Remezón ha causado en México la decisión política del Ejército Zapatista de Liberación Nacional (EZLN) de lanzar una candidata presidencial indígena de cara a las próximas elecciones de 2018.

“Que retiemble en sus centros la tierra” es el nombre del del comunicado del EZLN donde anuncian su salto definitivo a la institucionalidad tras su sorprendente aparición el 1 de enero de 1994, denunciando la firma del tratado de libre comercio entre México, Estados Unidos y Canadá.

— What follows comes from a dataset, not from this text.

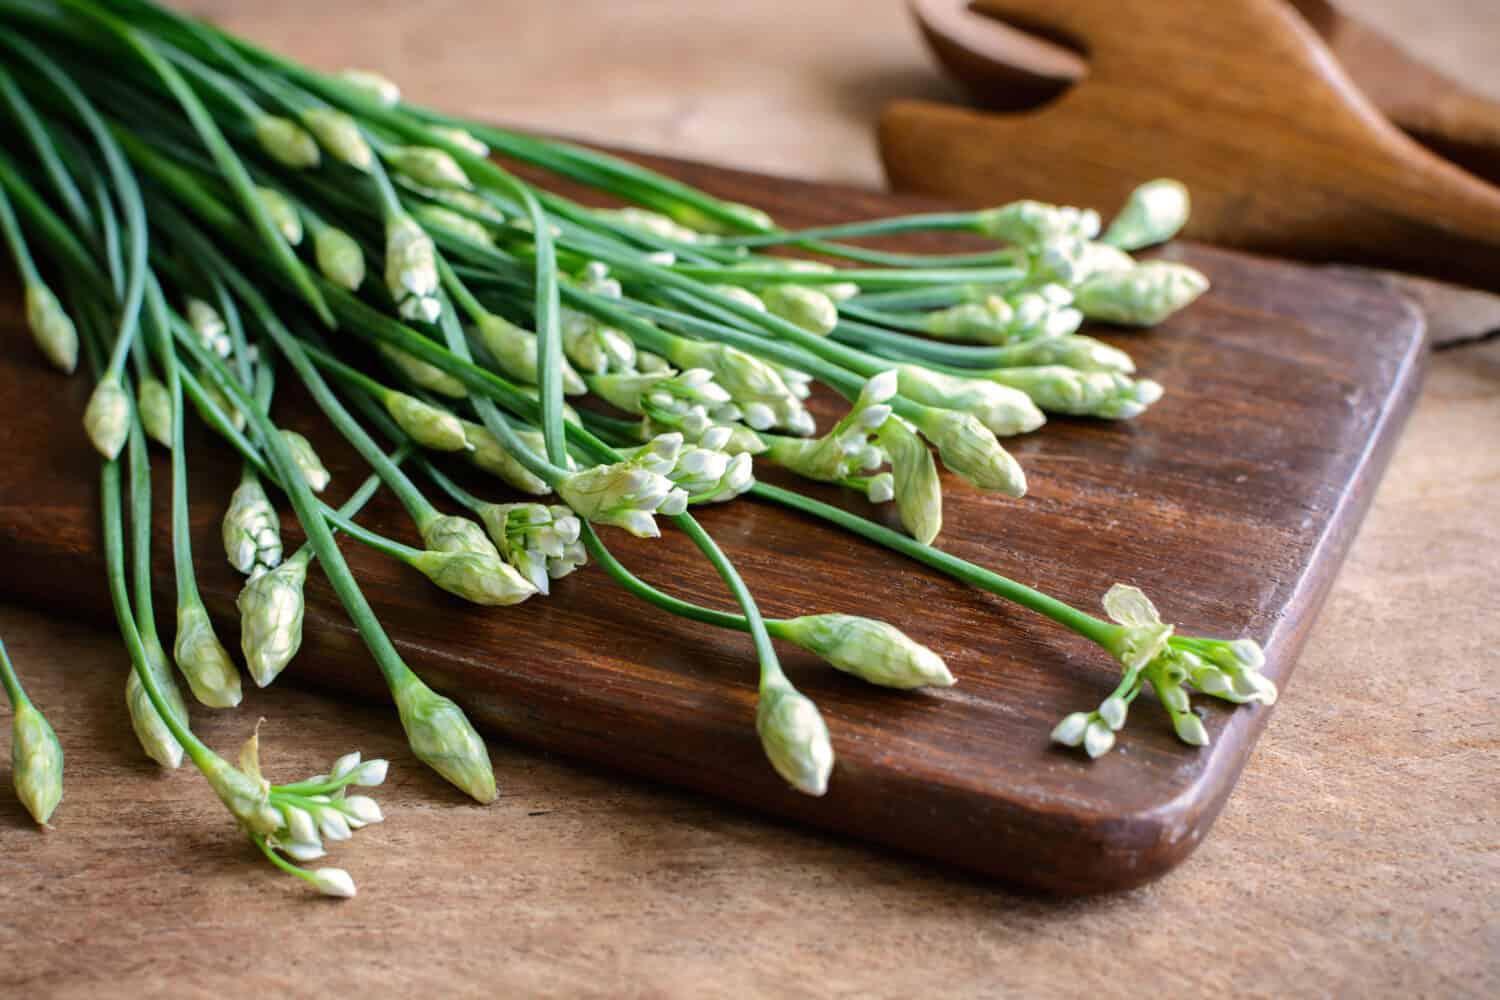 Garlic chives or Allium tuberosum on wooden table background

En el contexto post caída del muro de Berlín, la acción de los zapatistas es recordada como una de las primeras manifestaciones anti neoliberales del mundo, proveniente además desde el seno de los pueblos indígenas en México, usualmente excluidos de las políticas públicas.

Llegó el momento de atacar, de pasar a la ofensiva”, dicen en el comunicado, que recuerda y hace énfasis en las opresiones sufridas por pueblos indígenas en México. “Consultaremos en cada una de nuestras geografías, territorios y rumbos (…) para nombrar una mujer indígena, que contienda a nombre del Congreso Nacional Indígena (CNI) y el EZLN en el proceso electoral del año 2018 para la presidencia de este país”, agregan.

Así, el CNI realizará “una consulta en cada uno de nuestros pueblos para desmontar desde abajo el poder que arriba nos imponen y que nos ofrece un panorama de muerte, violencia, despojo y destrucción”.

“Ratificamos que nuestra lucha no es por el poder, no lo buscamos; sino que llamaremos a los pueblos originarios y a la sociedad civil a organizarnos para detener esta destrucción, fortalecernos en nuestras resistencias y rebeldías”, finaliza el EZLN.

Agrupados en Chiapas, los zapatistas son reconocidos por su organización en los “Caracoles”, formas autogestionadas de democracia directa y participativa.

El pasado fin de semana 500 delegados indígenas de todo el país se reunieron en San Cristóbal de las Casas en el V Encuentro Nacional, donde analizaron la coyuntura política del país y del mundo. Ahí fue donde se determinó entrar en la competencia contra “el mal gobierno”.

La respuesta de López Obrador

Inmediatas repercusiones generó la decisión de los zapatistas, sobretodo en Manuel López Obrador, dirigente del partido Morena y uno de los favoritos en las encuestas para las próximas presidenciales.

Morena es un partido de centro izquierda al margen de los clásicos PRI, PAN y PRD. Por eso, su alta adherencia en las encuestas tiene a muchos expectantes sobre cómo serán las próximas presidenciales.

“El pueblo nos está apoyando en Chiapas y en todo el país. La única esperanza es Morena, aunque no le guste a muchos”, dijo el dirigente sobre la irrupción de los zapatistas en la escena, a quienes criticó de abstenerse en pasadas elecciones y así garantizar el triunfo del PRI y de Enrique Peña Nieto.